The intended recipient of the goods refused delivery, and Pelletron argues that it cannot use
the goods given their custom nature. In addition to general damages, Pelletron also seeks damages
for having to reorder the equipment on an expedited basis, additional personnel costs, re-shipping
costs, and costs for delays and interruption in Pelletron’s installation.

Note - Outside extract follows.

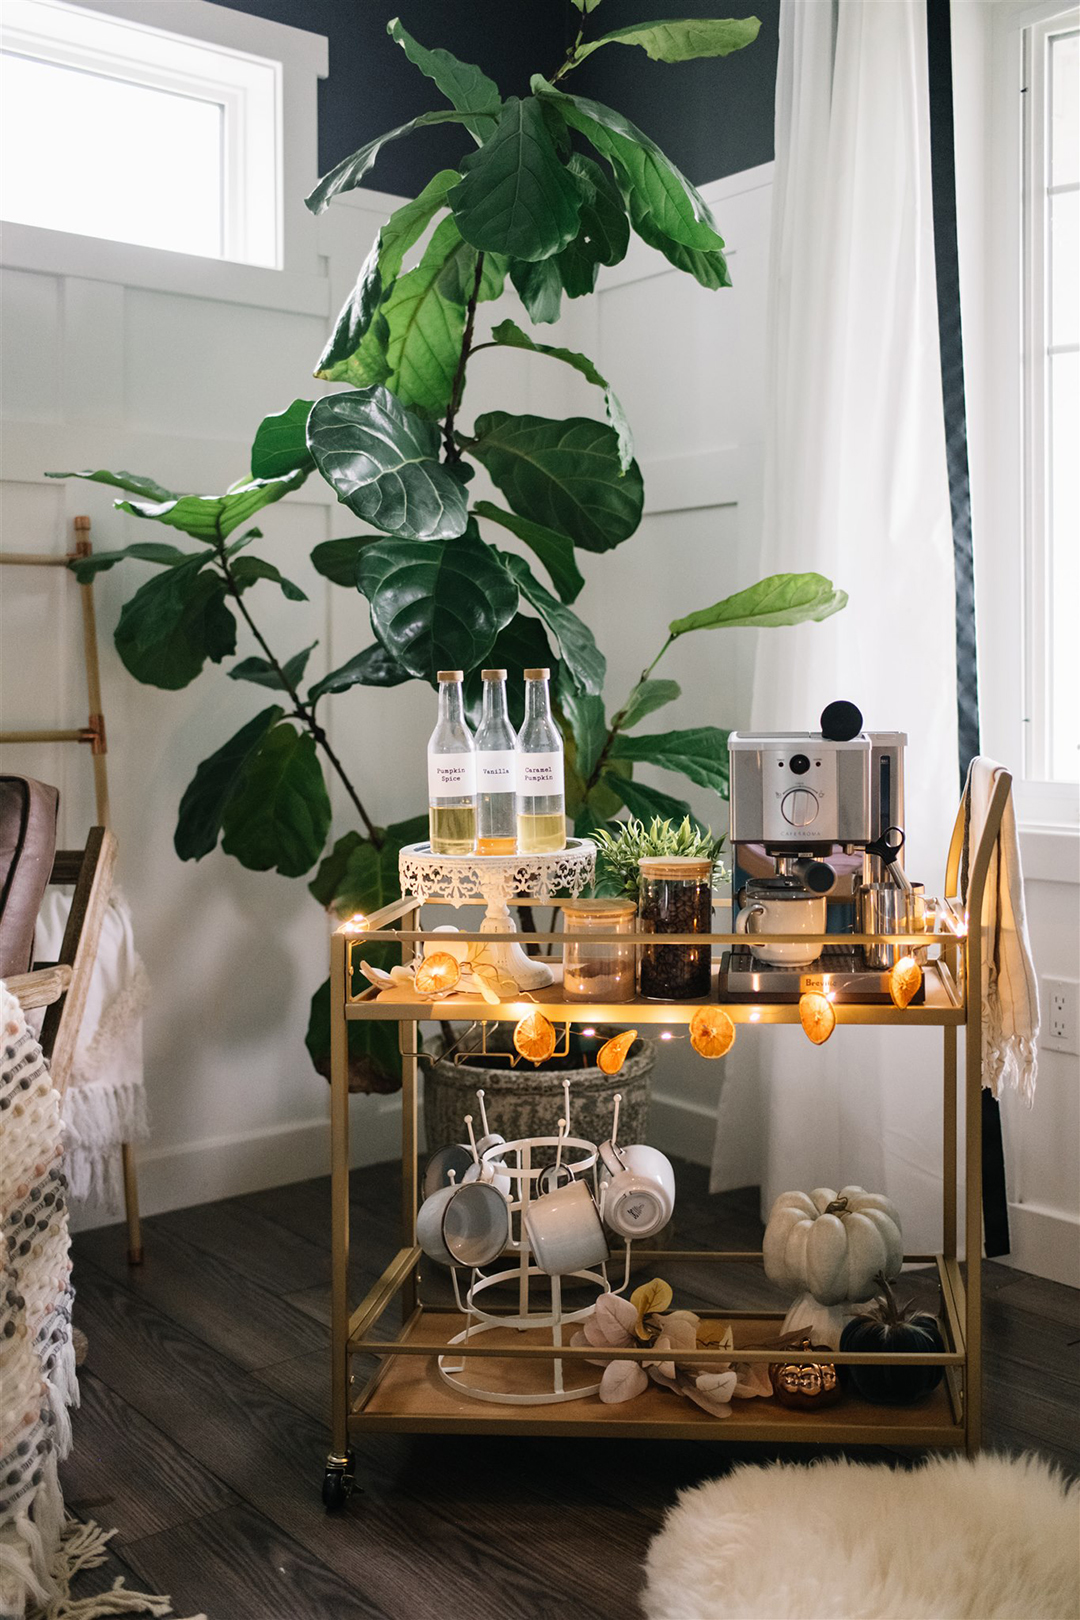 How to make a coffee station at home with an Amazon bar cart

The Court agrees with P&A that Pelletron never put Defendants on notice of special damages
that Pelletron might incur. The record is devoid of any prior dealings between the companies
indicating the special nature of these goods or any written or even constructive notice that the special
damages sought by Pelletron were foreseeable here. Therefore, as a matter of law, Pelletron is not
entitled to recover special damages here. See Main Road Bakery, Inc. v. Consol. Freightways, Inc.,
799 F. Supp. 26, 29 (D.N.J. 1992) (declining to grant special damages when carrier was unaware that
failure to timely deliver cake would require bakery to disassemble oven or pay for replacement
Pelletron places great emphasis on the “special delivery instructions” that Pelletron provided
CHR, as well as the fact that Pelletron sent a sales engineer to CarbonLITE’s facility to arrange for
delivery appointments and to ensure that all parts of the shipment were received in good condition.

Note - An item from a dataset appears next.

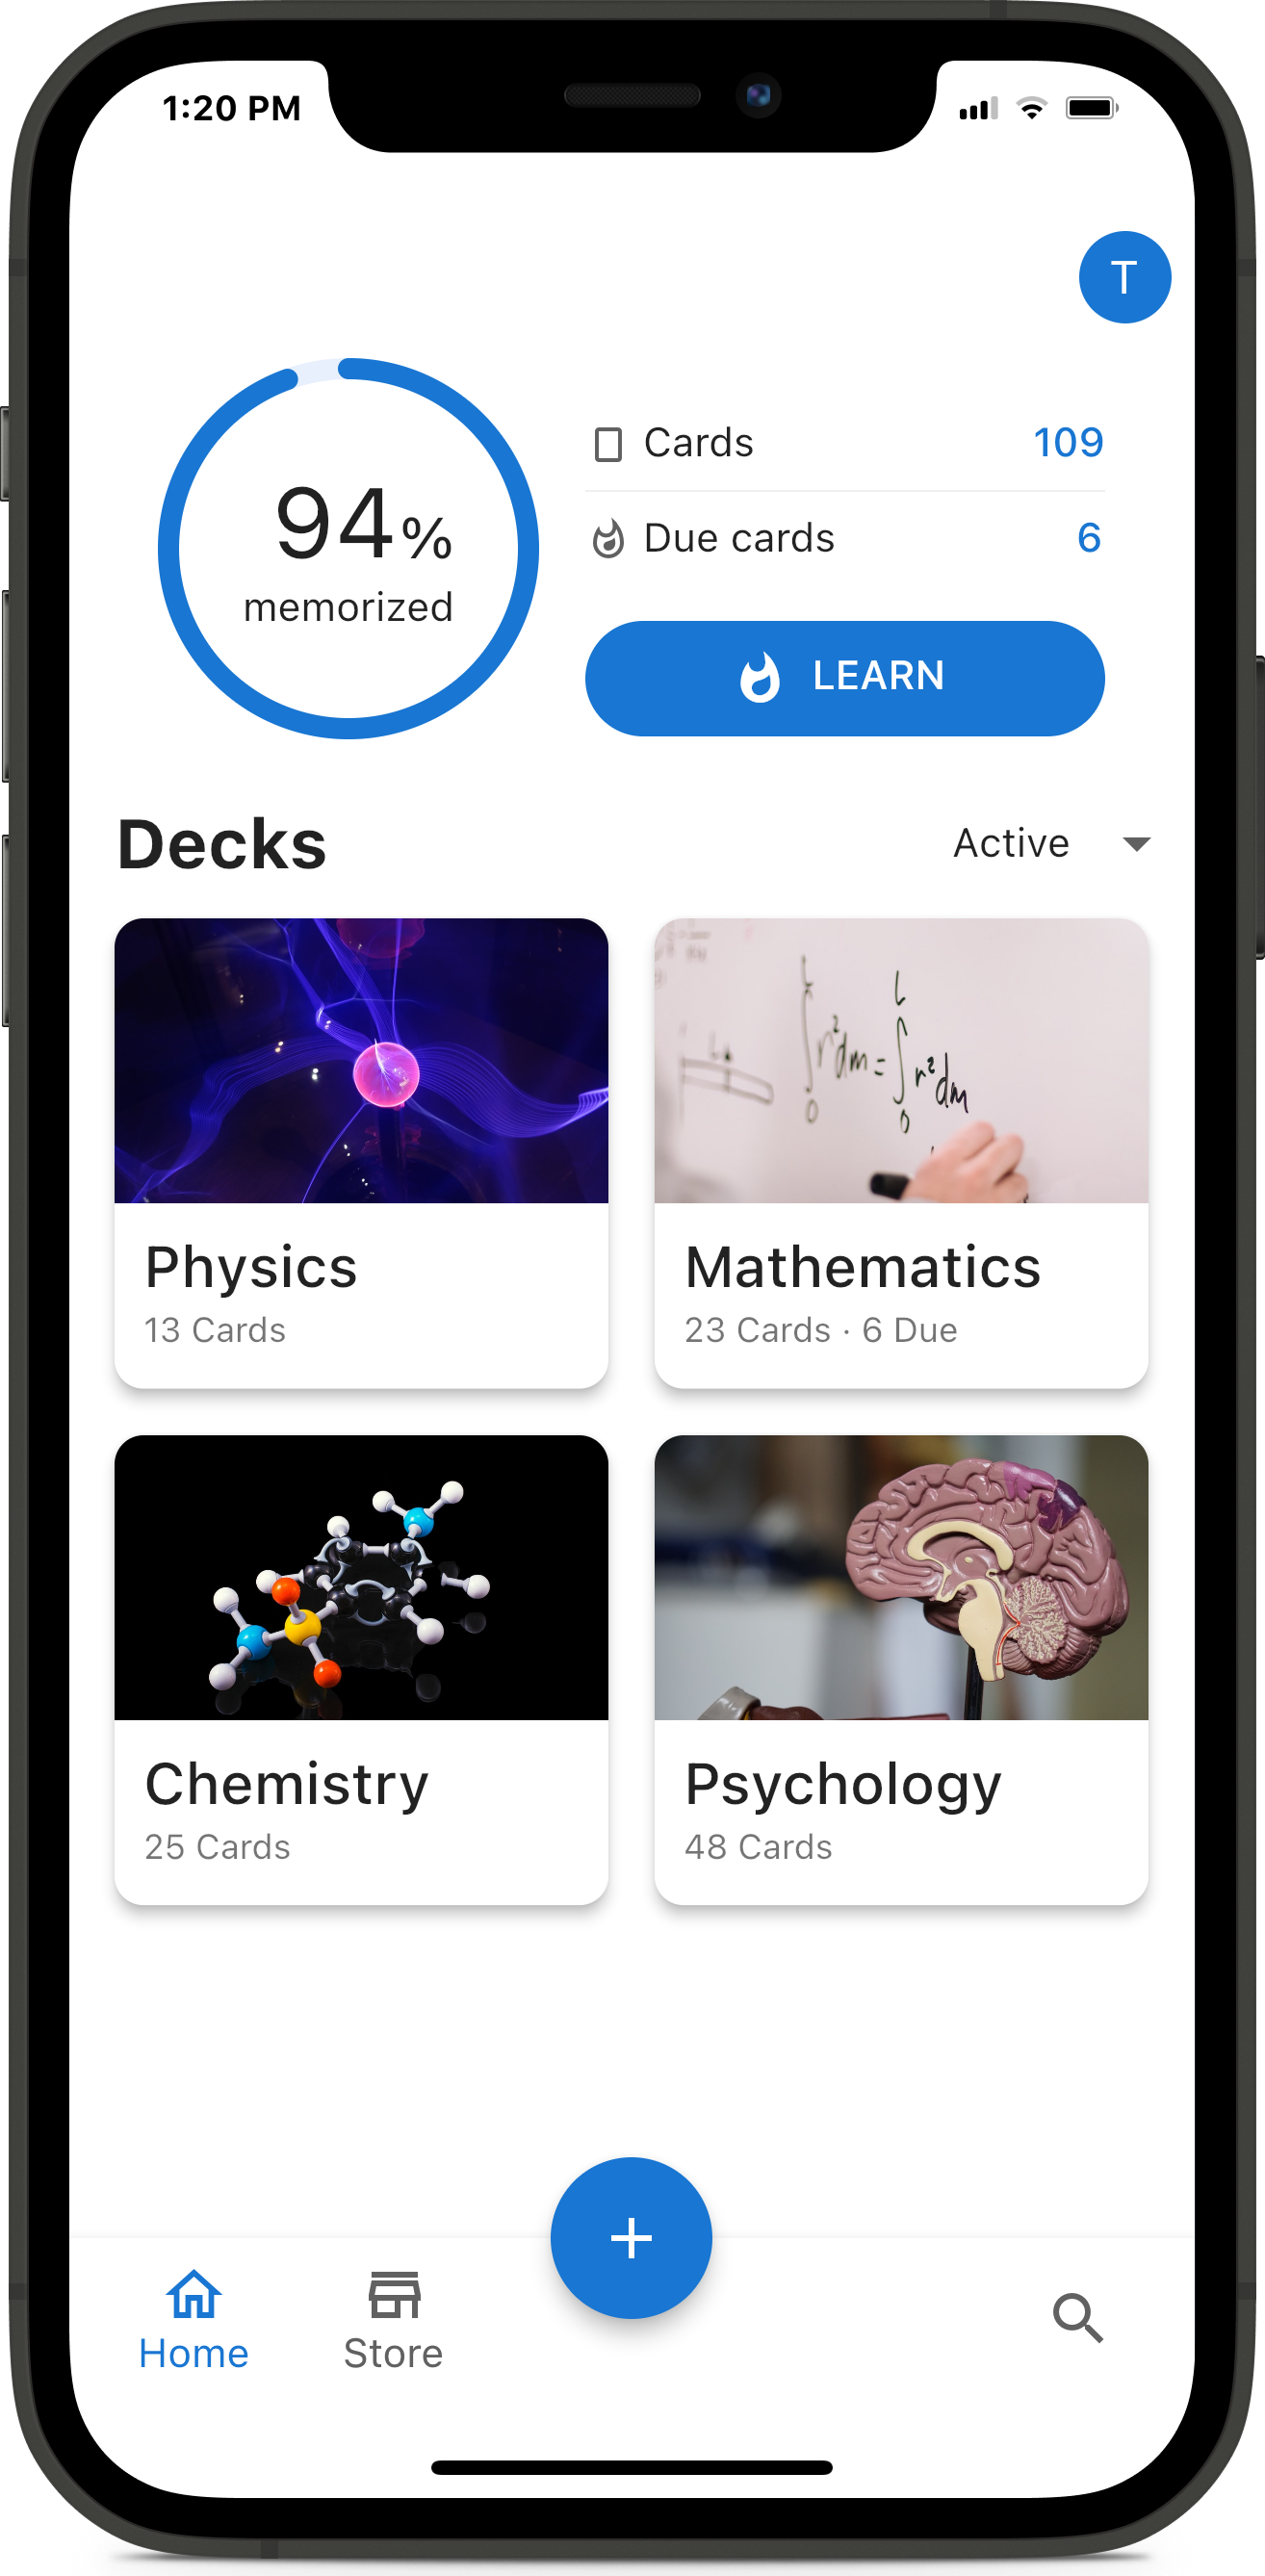 Learn with science-based Spaced Repetition flashcards

(Pl.’s Facts ¶¶ 22-23, 61-62, 65.) Pelletron also points out that its representative loaded the trucks
in Pennsylvania “due to the custom nature of the goods.” (Id. ¶ 33, 70.) The Court fails to see how
a fact finder could conclude that because Pelletron provided a time for CHR to deliver the goods and
sent a representative to receive the goods in California, a genuine issue of material fact exists with
respect to the foreseeability of special damages. It is unsurprising that Pelletron provided CHR with
a date for shipment. Nor does the fact that Pelletron elected to load the truck prior to shipping the
goods indicate that Defendants were on notice that failure to deliver the goods would result in special
damages. The only information the Court can glean from the record regarding the special nature of
the goods is a communication from the president of Pelletron informing CHR that the “stolen
equipment is custom made for the Carbonlite plant and it should be installed next month.

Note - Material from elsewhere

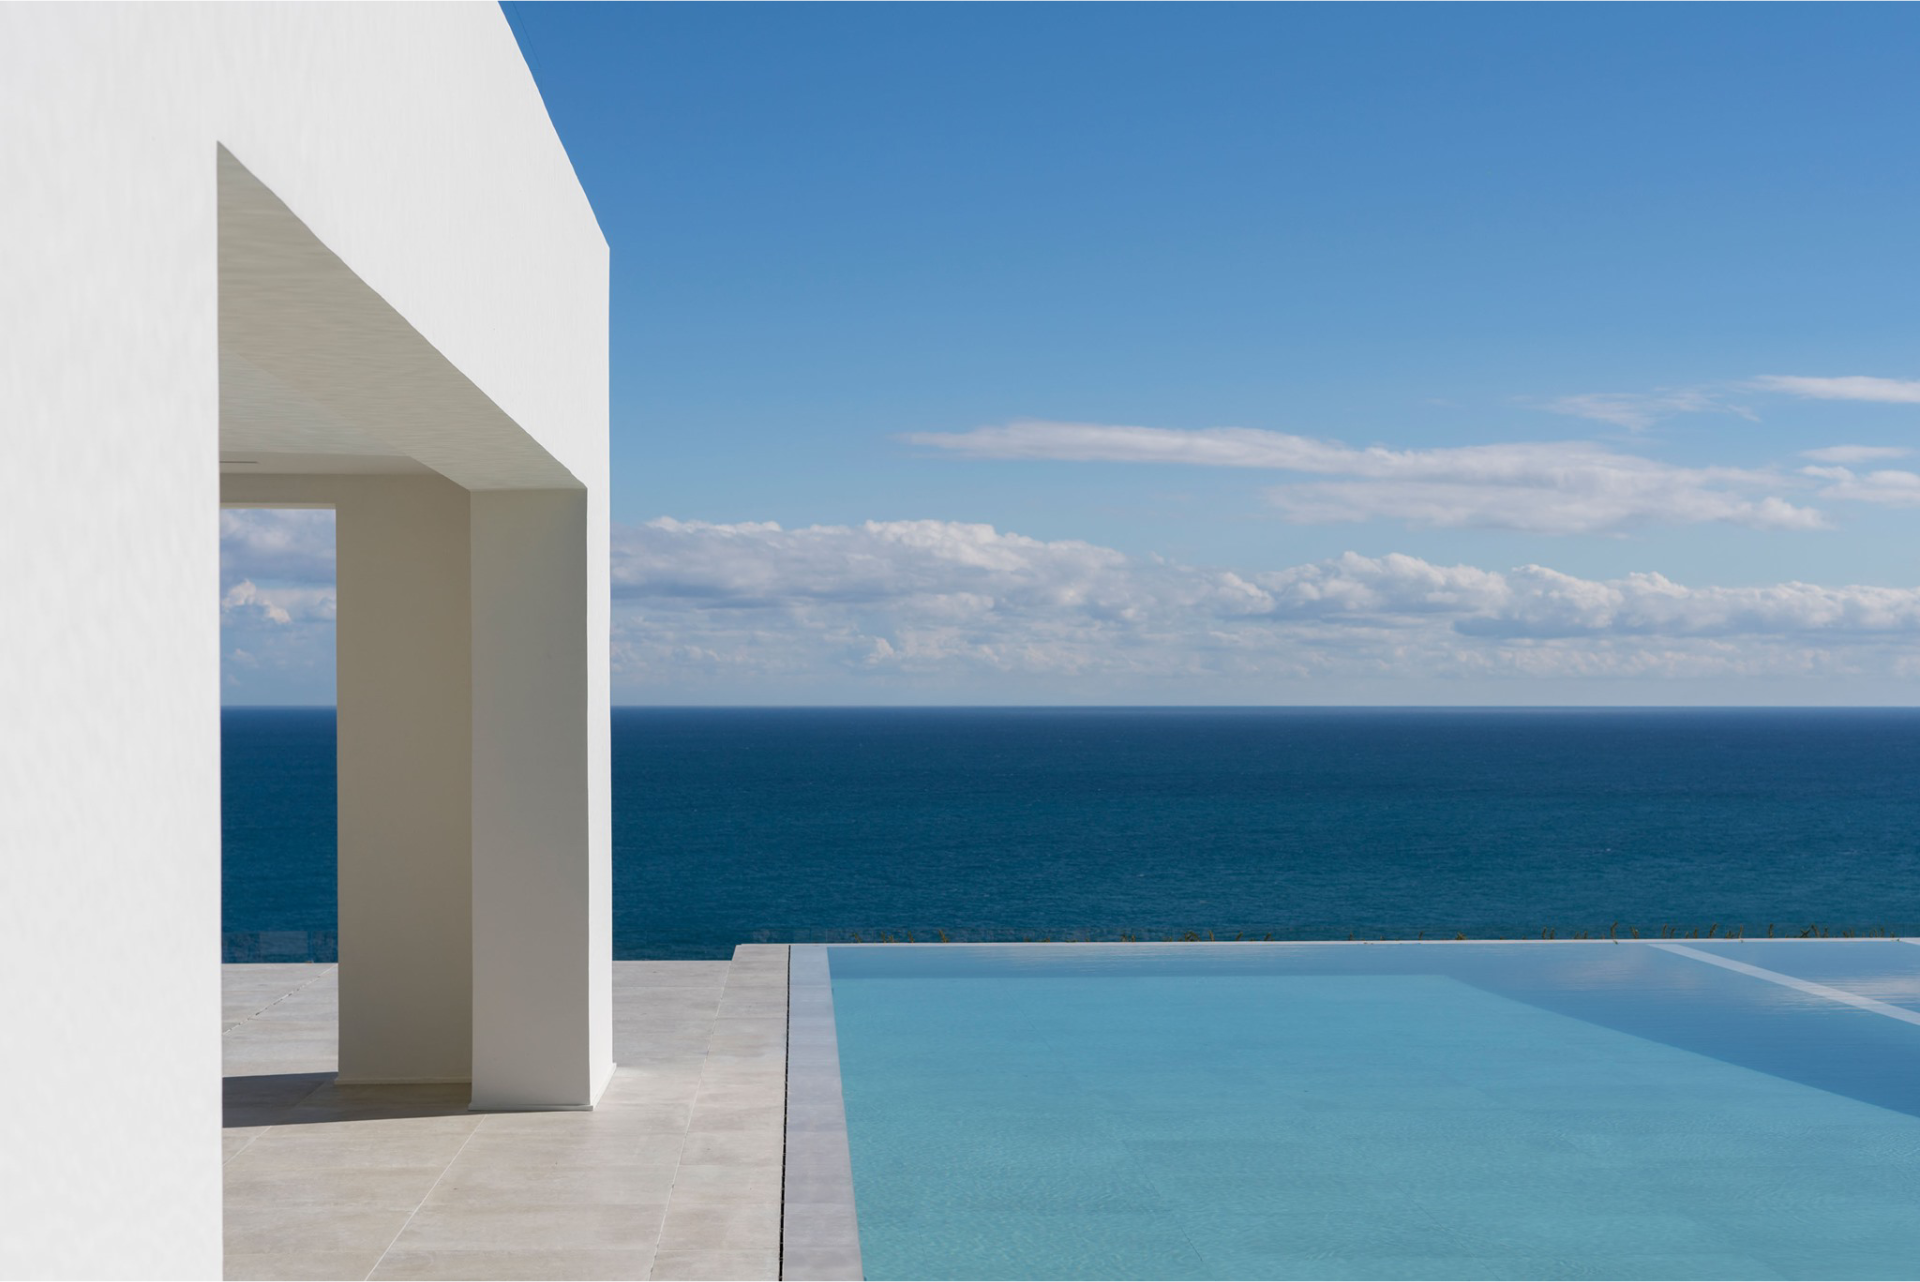 TBB Real Estate - Boutique Real Estate Investment Consultancy in Costa Blanca

Replacement of the goods will take at least 3 months. This is a major setback for the start-up of the
plant.” (Pl.’s Facts ¶ 91.) Of course, this information was conveyed to CHR after the shipment left
Pennsylvania and had been stolen in California. It certainly did not place CHR or P&A on notice
prior to shipping. There is no evidence in the record that at the time of shipping, Defendants were
aware that failure to deliver the shipment in time would render the shipment useless to its ultimate
recipient. Therefore, Pelletron is not entitled to special damages at to either Defendant.
Though the issue of special damages can be decided as a matter of law, any further limitation
of liability is unwarranted at this stage. Pelletron has put forth evidence that the parties intended for
its shipment to be insured for $100,000 and that a $10,000 limit was unreasonable given the
circumstances surrounding the shipment. Finally, as the Carmack Amendment claims remain viable,
a trial is appropriate to decide the proper method for calculating damages and whether Defendants
properly limited their liability. As even P&A seems unsure whether damages should be limited to
$10,000 or $100,000, summary judgment is unwarranted. The Court notes, however, that based on
Pelletron’s understanding that the value of the goods for insurance purposes was $100,000 and its
concern that CHR had insurance coverage for up to that amount, P&A’s attempt to limit liability to
$10,000 appears to take advantage of a mistake. Accordingly, the Court denies summary judgment
to P&A, and the parties may present evidence as to the appropriate dollar figure for damages.
Because the status of CHR cannot be decided as a matter of law, CHR’s motion for summary
judgment is denied. P&A’s motion for summary judgment is also denied to the extent it seeks to
limit P&A’s liability. The Court will grant P&A’s motion with respect to the issue of special
damages. An Order consistent with this Memorandum will be docketed separately.